** Assigned task **
Starting at the line with "Tommy Hilfiger X", copy each line through the last one below exactly as written, without any pictures.

** Given data **
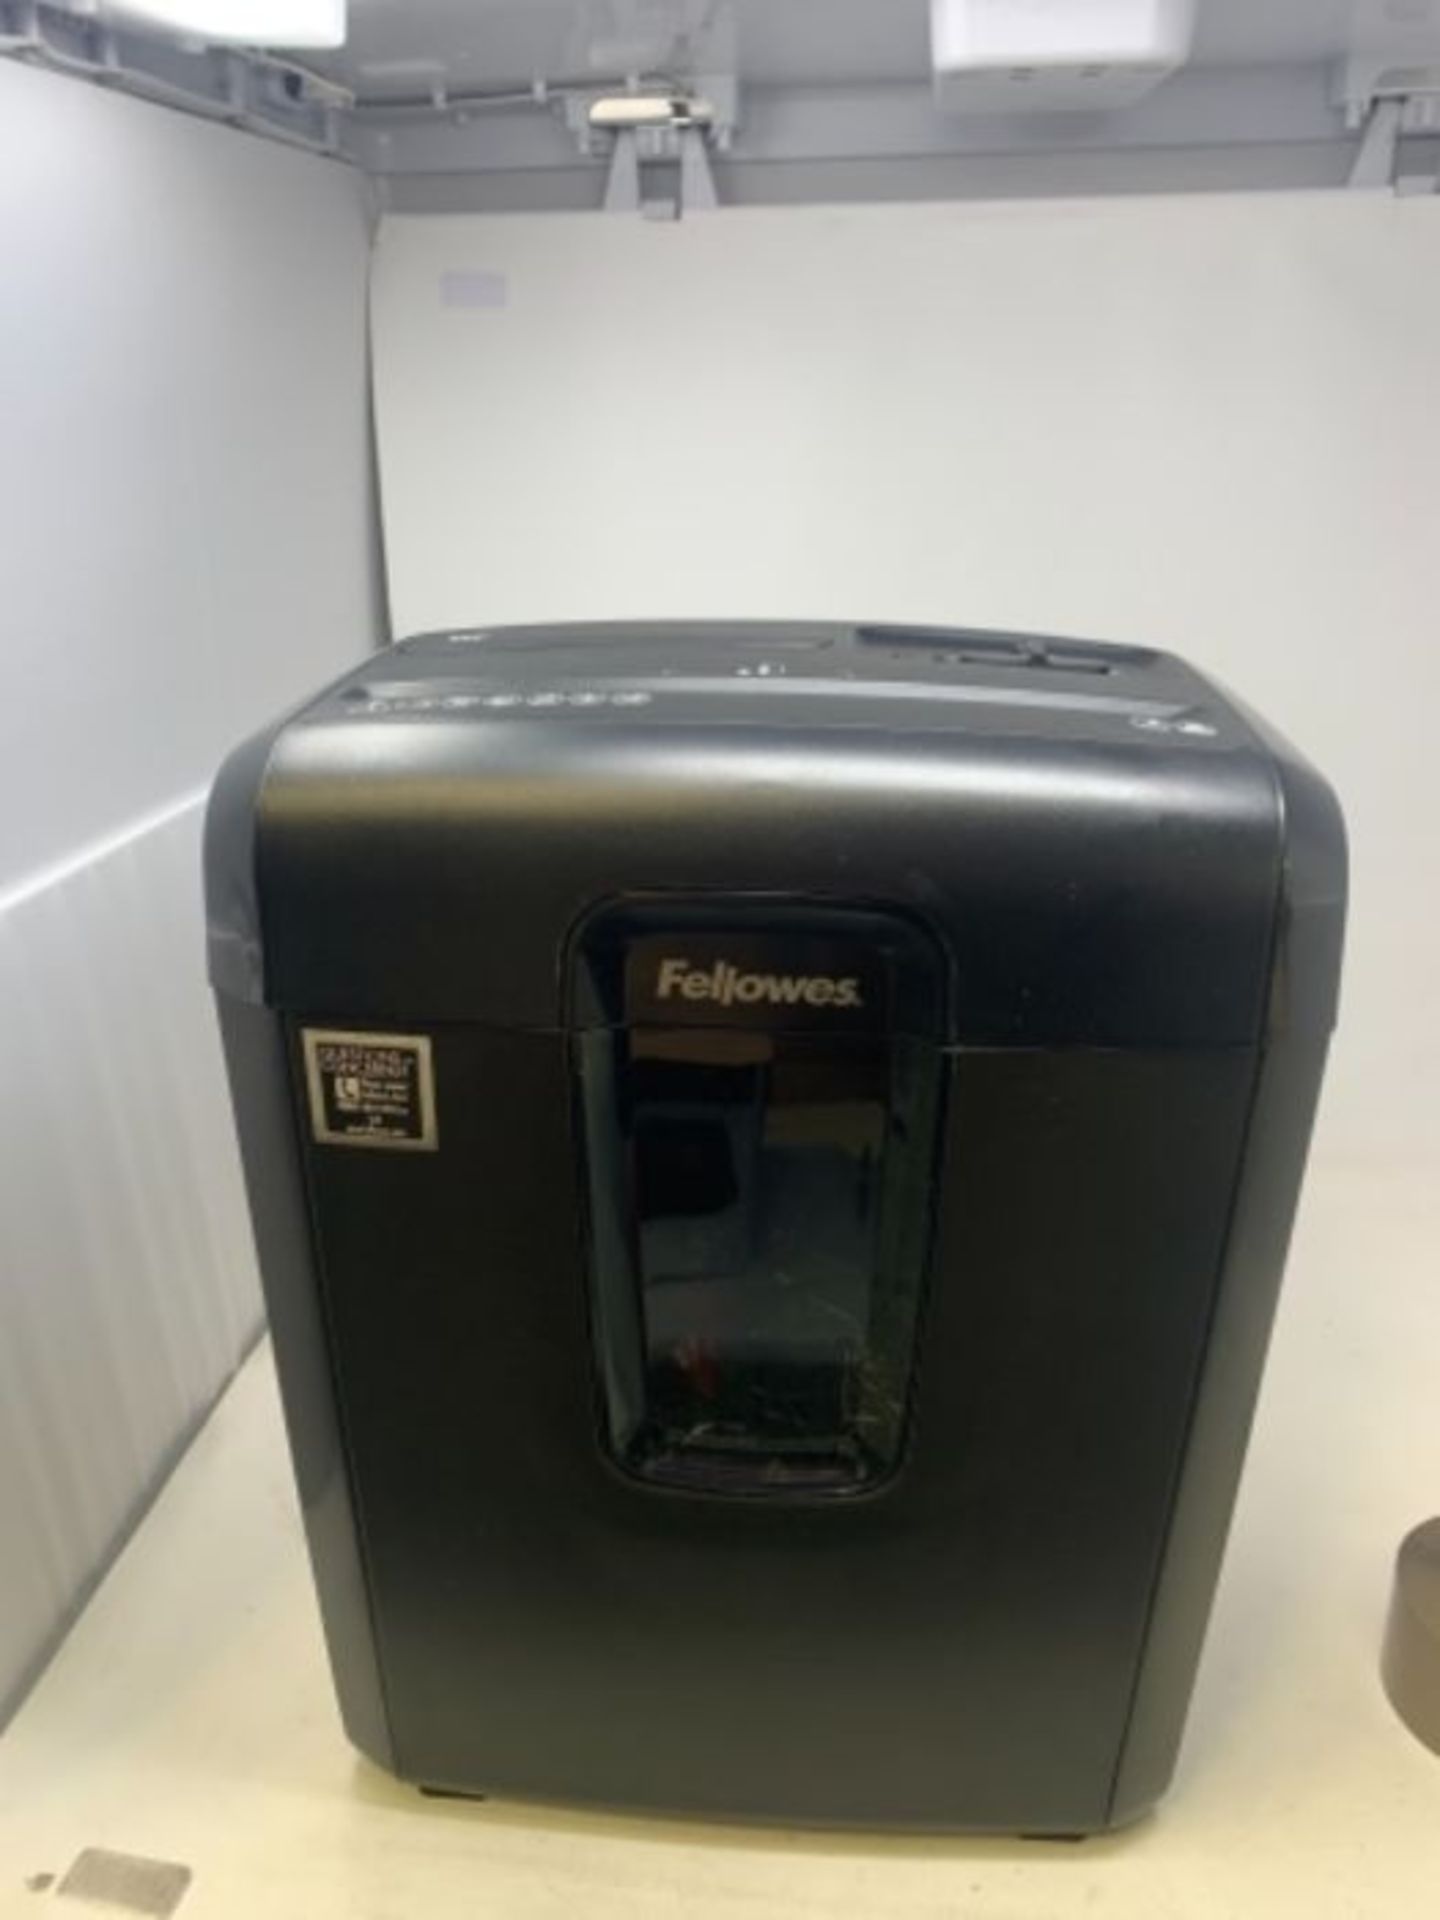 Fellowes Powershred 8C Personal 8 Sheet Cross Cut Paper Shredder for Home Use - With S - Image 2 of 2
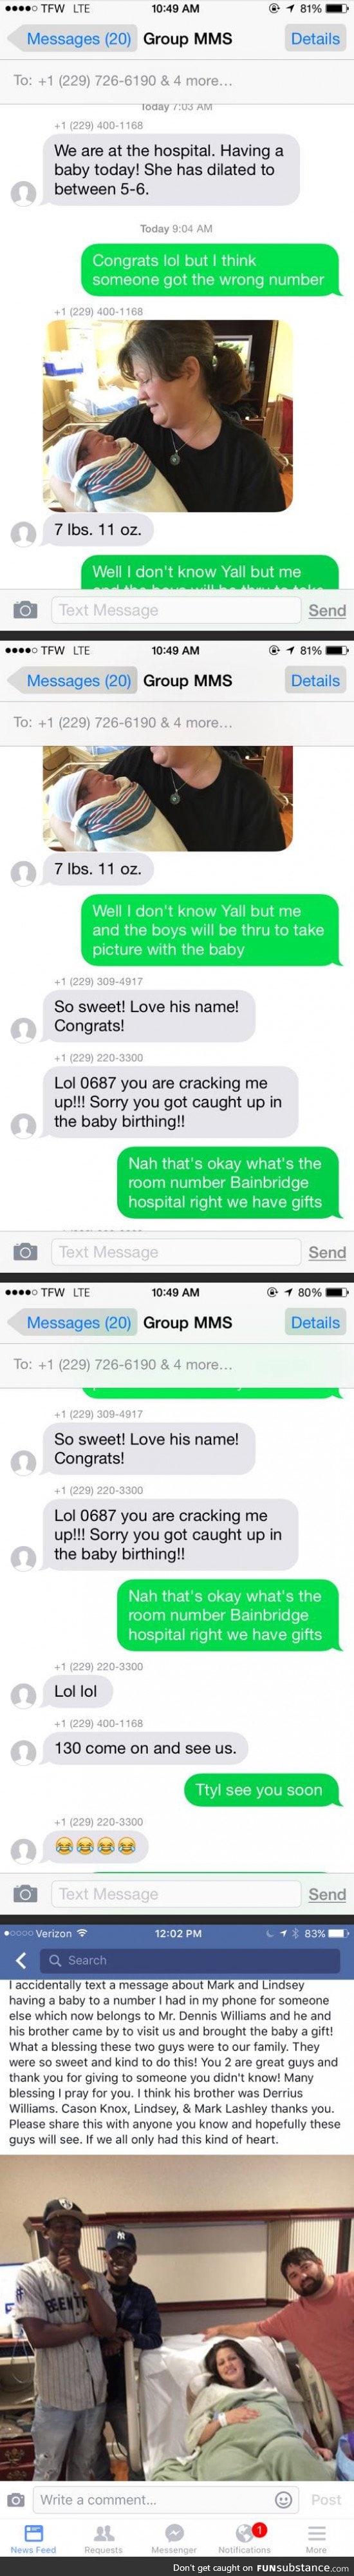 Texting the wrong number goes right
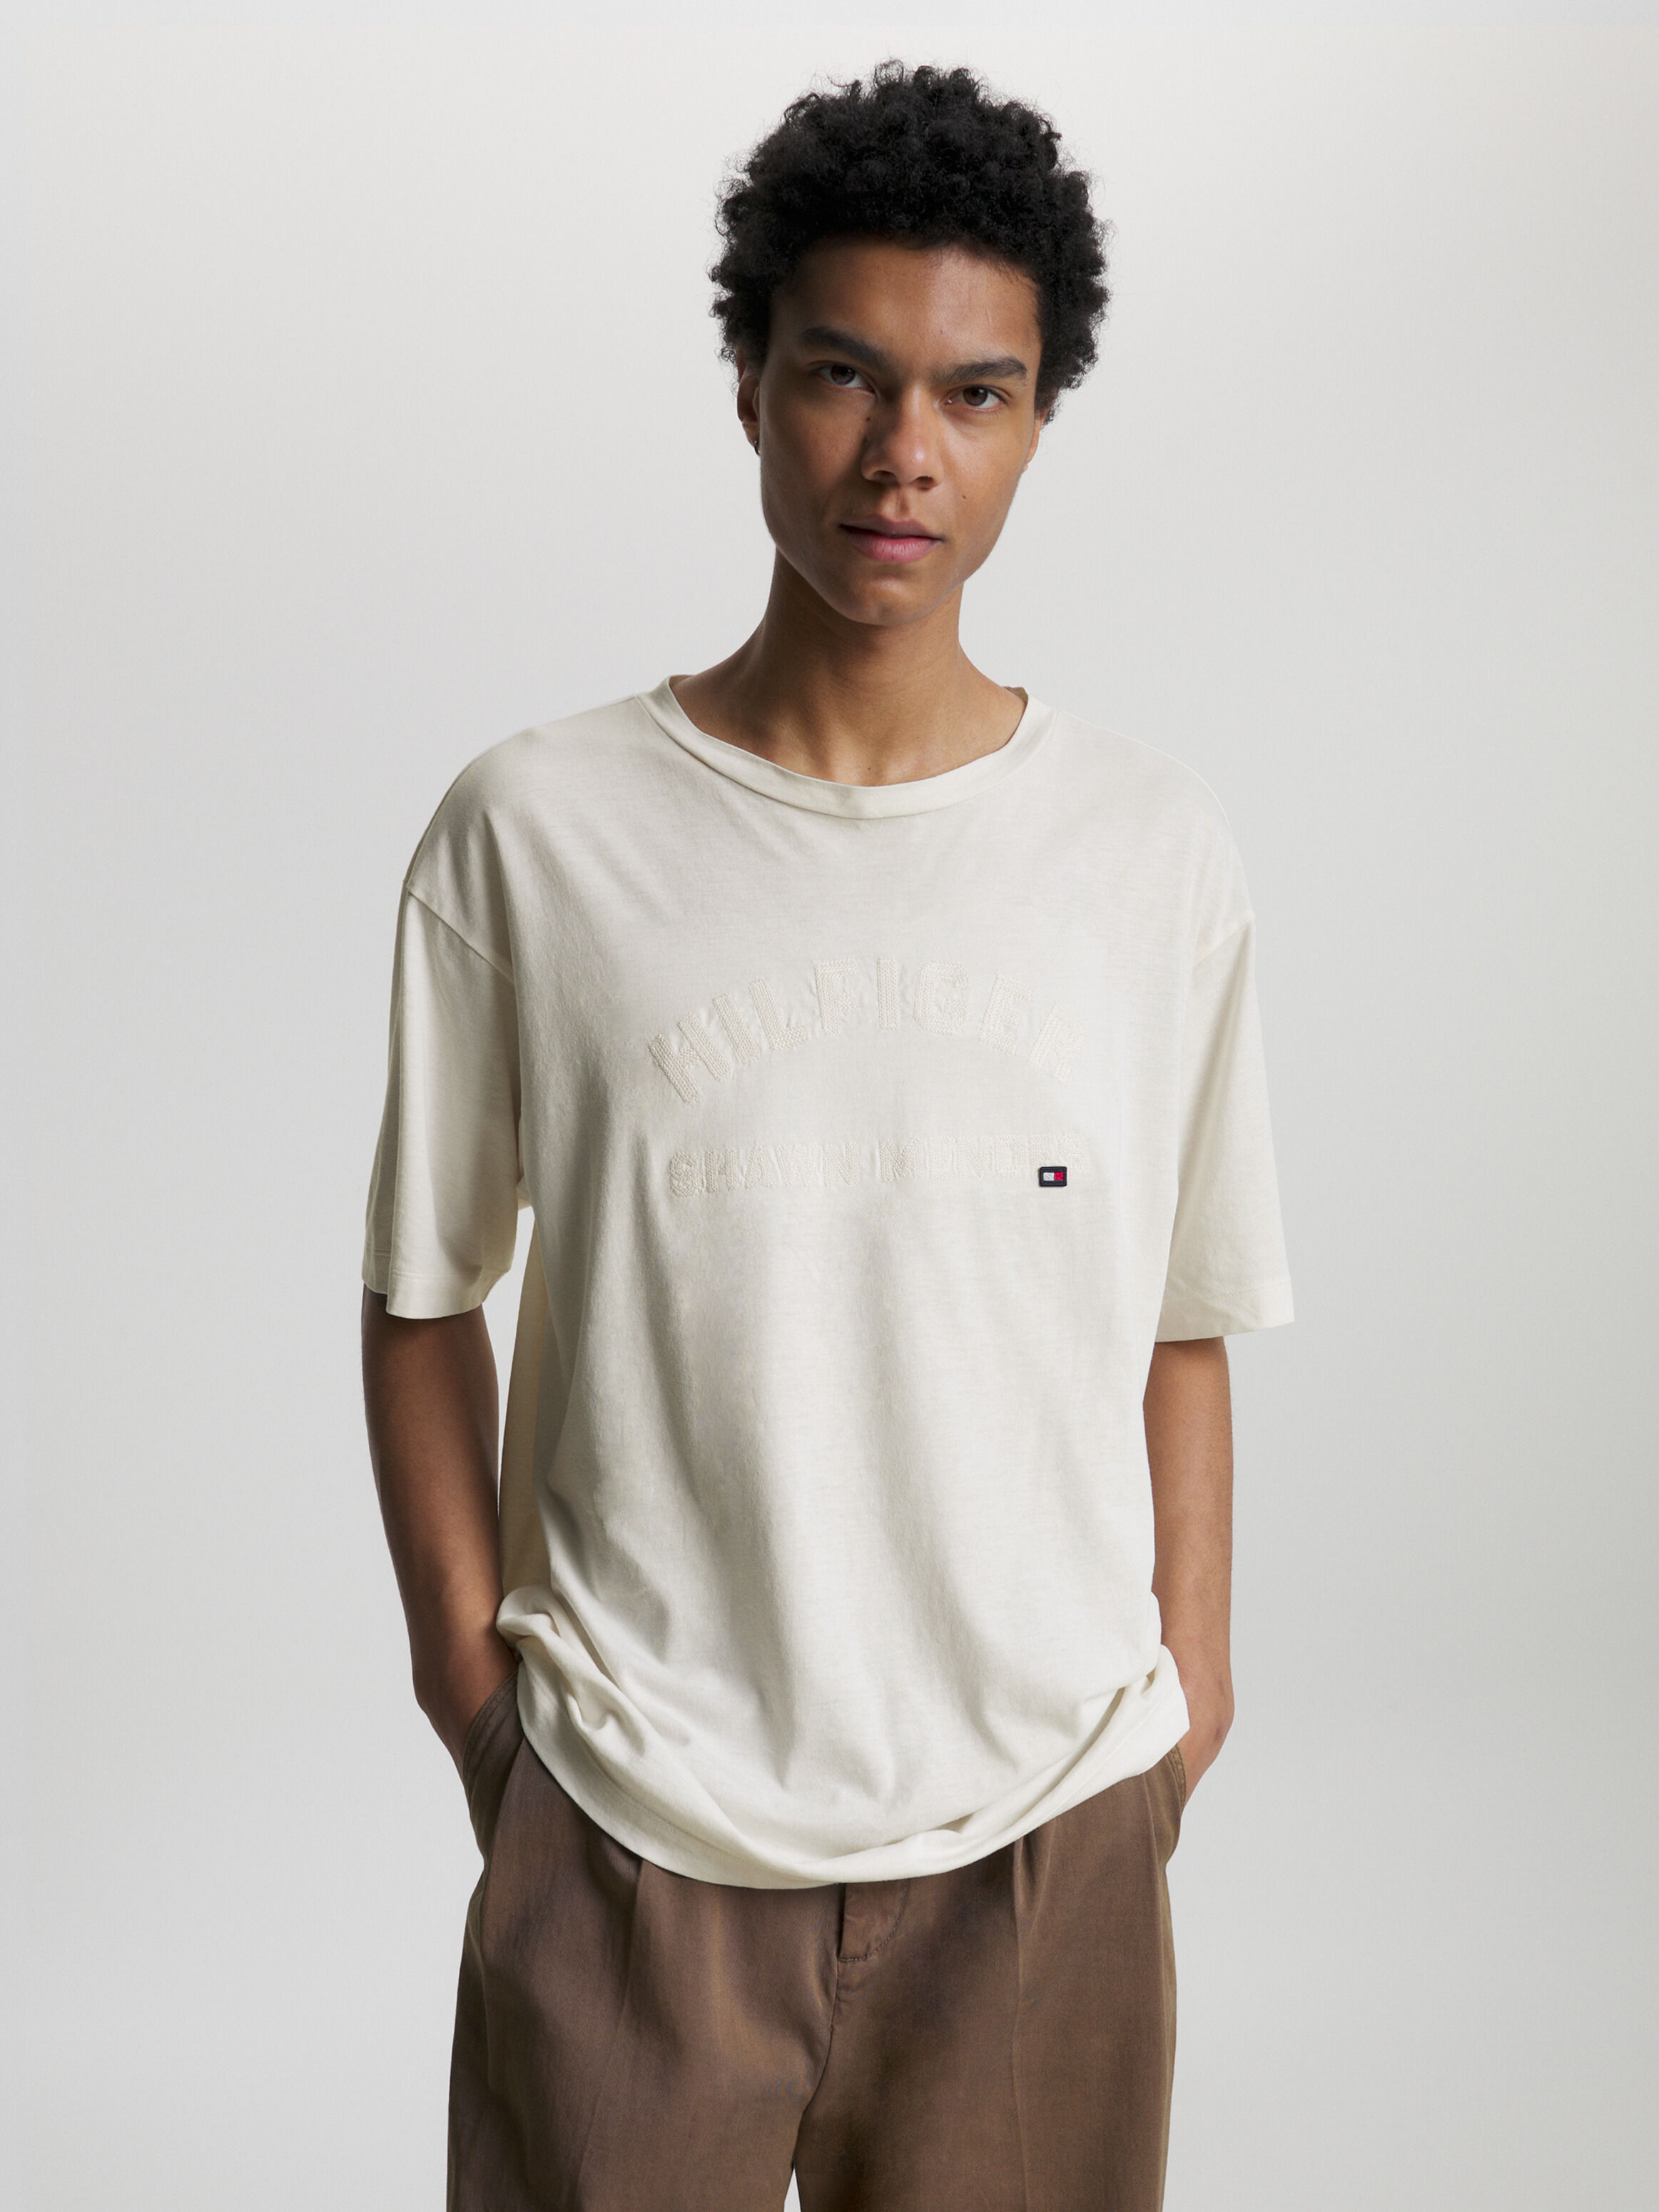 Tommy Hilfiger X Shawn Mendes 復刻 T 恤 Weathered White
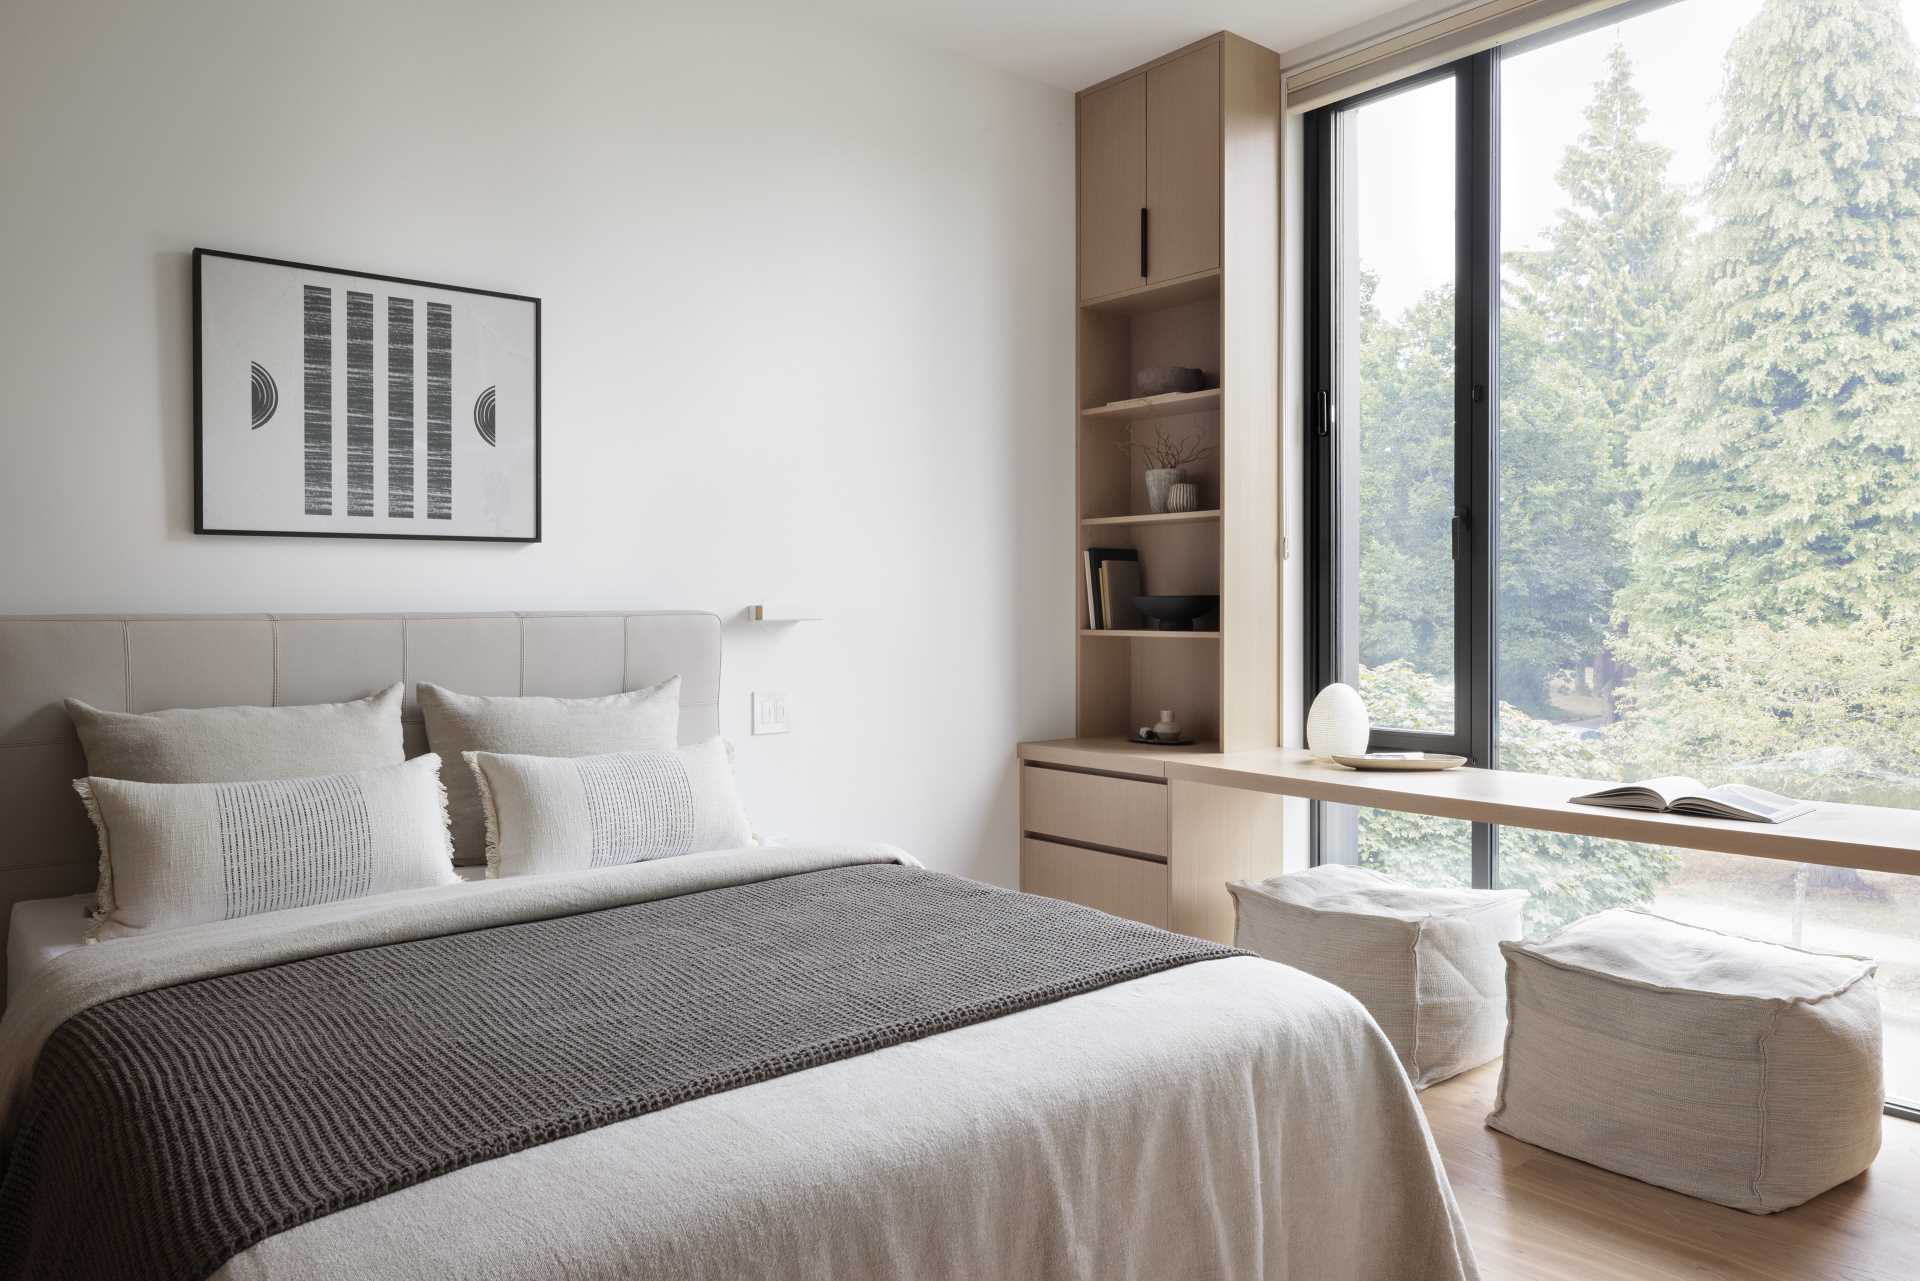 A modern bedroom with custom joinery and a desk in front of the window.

** Answer to this problem **
 Tommy Hilfiger X Shawn Mendes 復刻 T 恤 Weathered White
 A modern bedroom with custom joinery and a desk in front of the window.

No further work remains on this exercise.